ControlNet — 12 conditioning types in one tool

Upload a reference image, pick a conditioning type, write a prompt. The AI keeps your reference's structure (lines, pose, depth, etc.) and renders new content in any style. Backed by ControlNet-Union SDXL ProMax — Apache 2.0, fully commercial-use friendly.

Conditioning type

Canny / lineart for clean linework. Pose for body position. Depth for 3D layout. Scribble / soft-edge for rough doodles. MLSD for architecture. Normal / segmentation / tile for advanced workflows.

Reference image

Conditioning is extracted from this — the colors are discarded, only the structural signal (per your chosen type) is preserved.

Prompt

Control strength

Looser 0.7 Stricter

Aspect ratio

~1,200 tokens (SDXL × 1.2 ControlNet)

How ControlNet works

ControlNet lets you steer image generation with the structure of a reference image instead of relying on the text prompt alone. A preprocessor reads your reference and extracts a single conditioning signal — its edges, its depth map, the pose skeleton of a person, and so on. The diffusion model is then locked to that signal while the prompt decides the style, colors, lighting, and subject. The result keeps the exact composition you fed in but looks like something completely new.

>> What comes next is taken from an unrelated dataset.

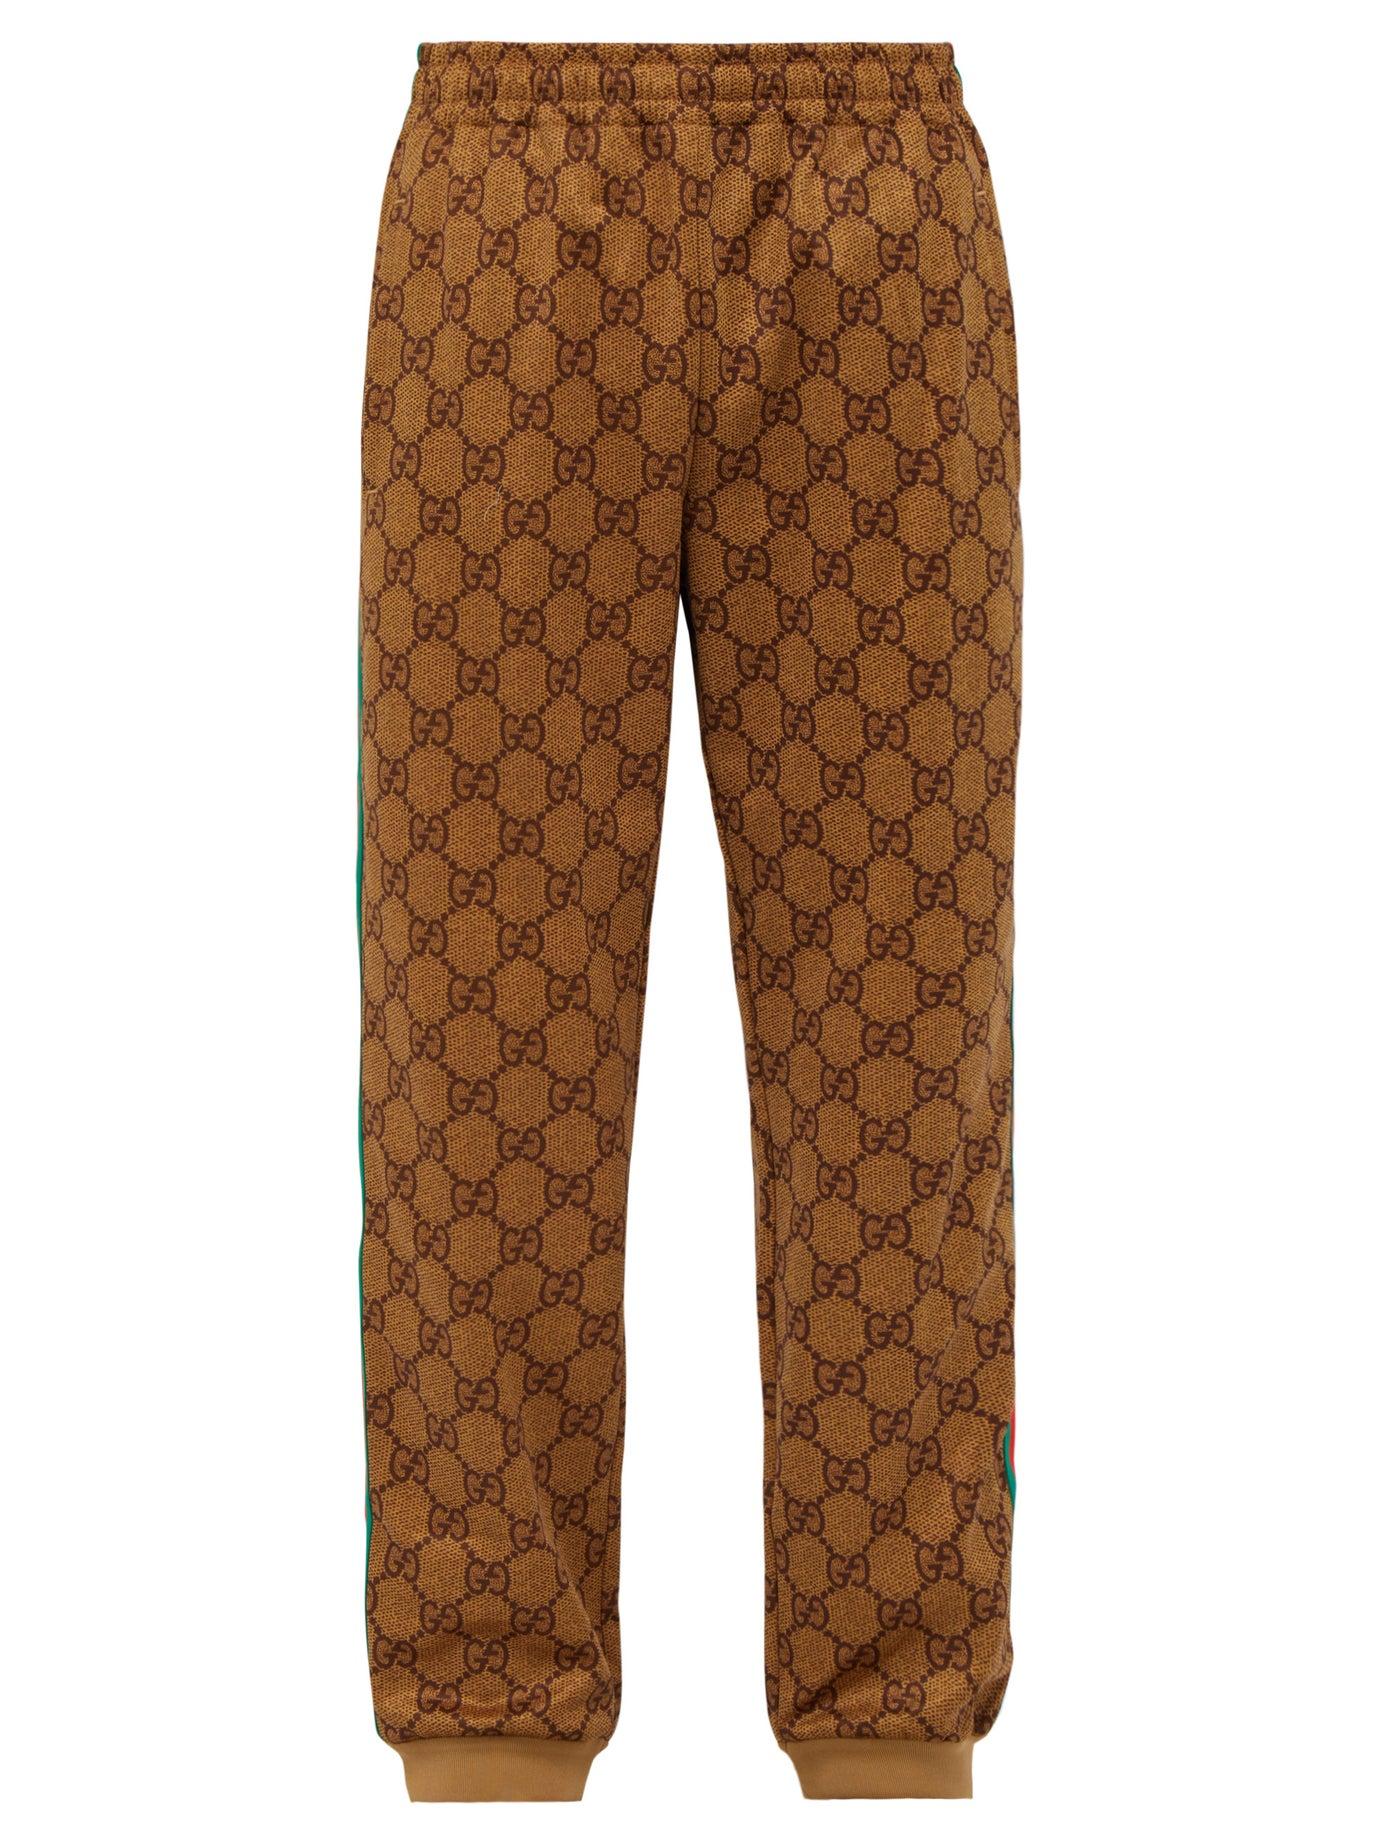 Gucci Gg Supreme Web-stripe Track Pants in Camel (Brown) for Men - Lyst
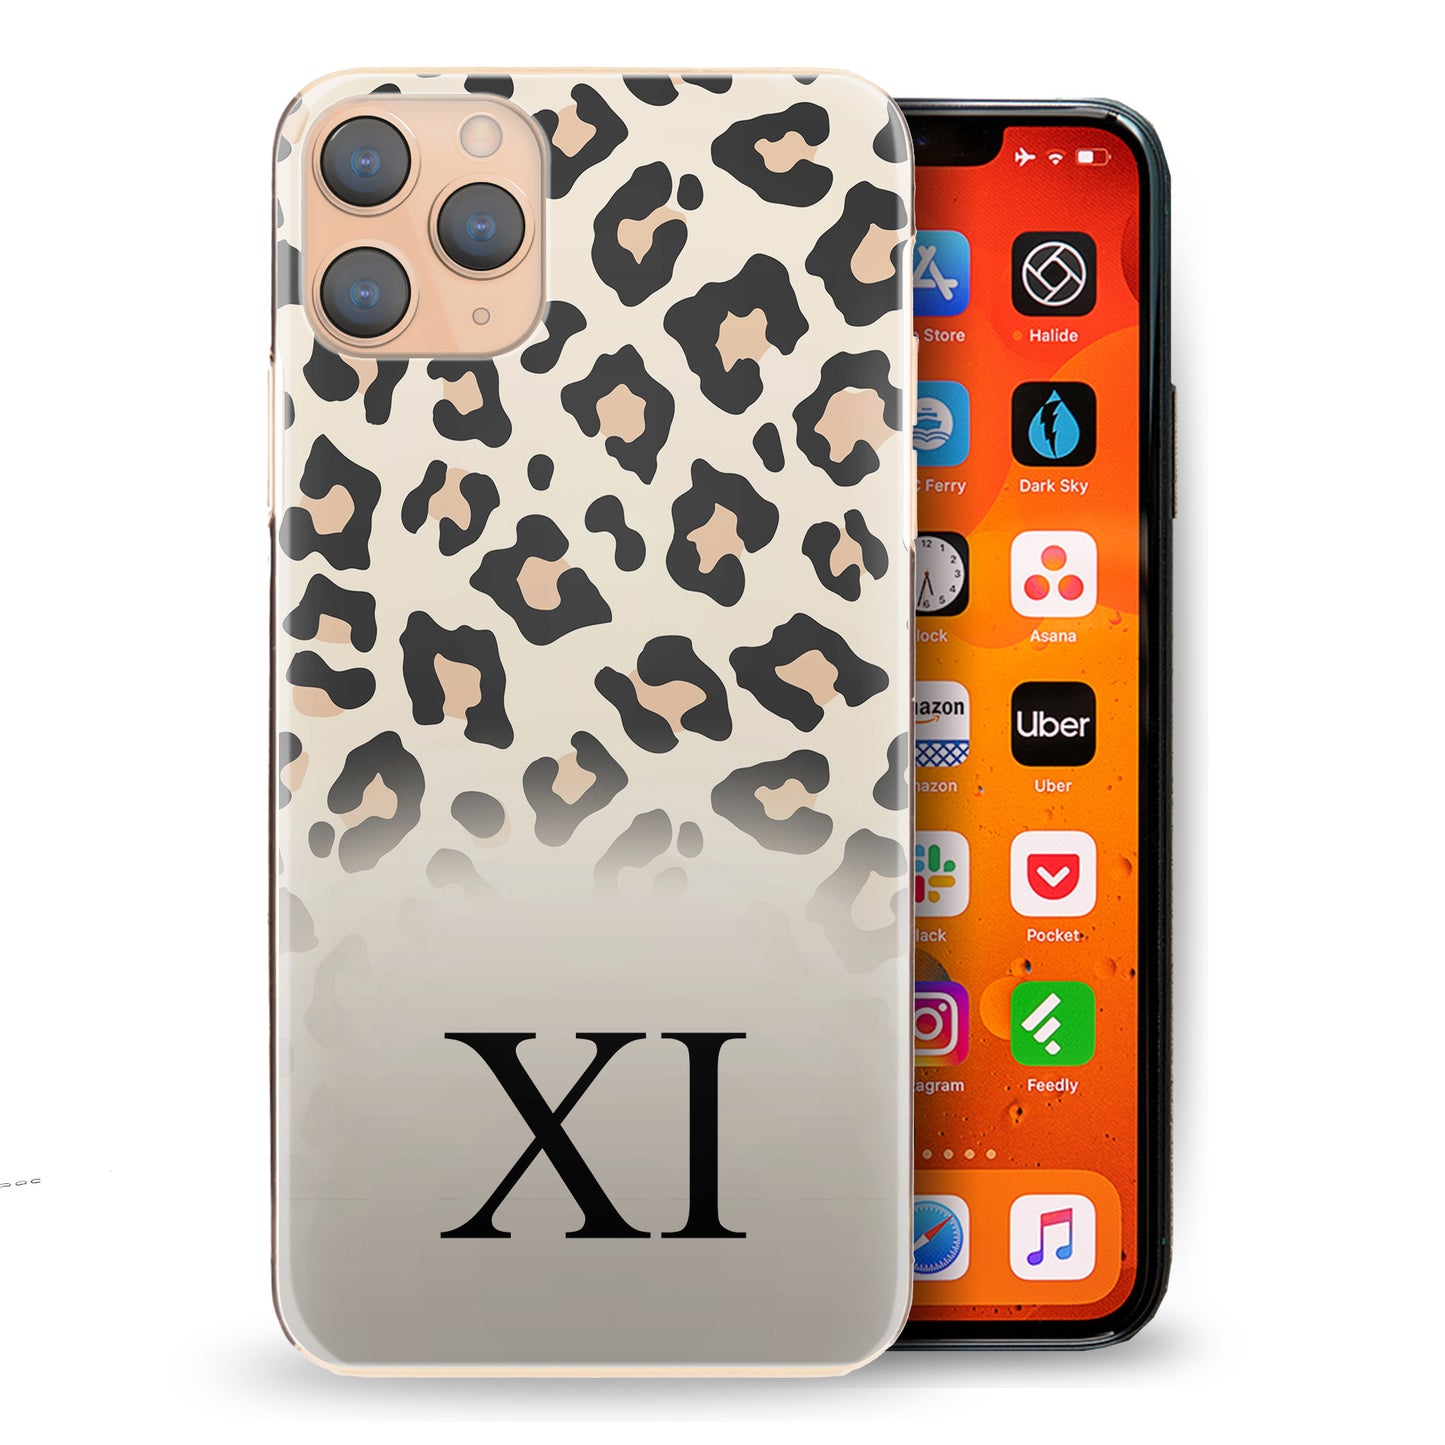 Personalised Nokia Phone Hard Case Black Initial on White Leopard Print

This tool is backed by ControlNet-Union SDXL ProMax (Apache 2.0) — a single model that understands all 12 conditioning types below, so you switch between them from one picker without loading a different network each time. It is fully commercial-use friendly: keep, sell, or modify whatever you generate.

The 12 conditioning types

Canny

Crisp edge detection. Best for preserving sharp outlines and clean linework.

Depth

3D depth map. Keeps the spatial layout — what is near and what is far.

Pose

OpenPose body skeleton. Locks the figure's stance and limb positions.

Scribble

Loose hand-drawn doodles turned into finished art.

Segmentation

Color-coded region map. Assign each area of the scene to a class.

Normal

Surface-normal map. Preserves fine 3D surface orientation and bumps.

Lineart

Fine line extraction — ideal for inking, manga, and illustration.

Soft-edge

Gentle boundary detection that follows shapes more loosely than Canny.

MLSD

Straight-line segments. Made for architecture, interiors, and product shots.

Tile

Detail-preserving conditioning for upscaling and seamless texture work.

Inpaint

Mask-aware conditioning to regenerate only part of an image.

Repaint / outpaint

Extend a canvas or repaint regions while honoring the surrounding structure.

Three steps

Upload a reference image — a photo, a sketch, a screenshot, anything with the structure you want to keep.
Pick the conditioning type that matches what you care about (pose for a figure, depth for a scene, canny or lineart for clean outlines).
Write a prompt describing the look you want and generate. Raise control strength to follow the reference more tightly, lower it for more creative freedom.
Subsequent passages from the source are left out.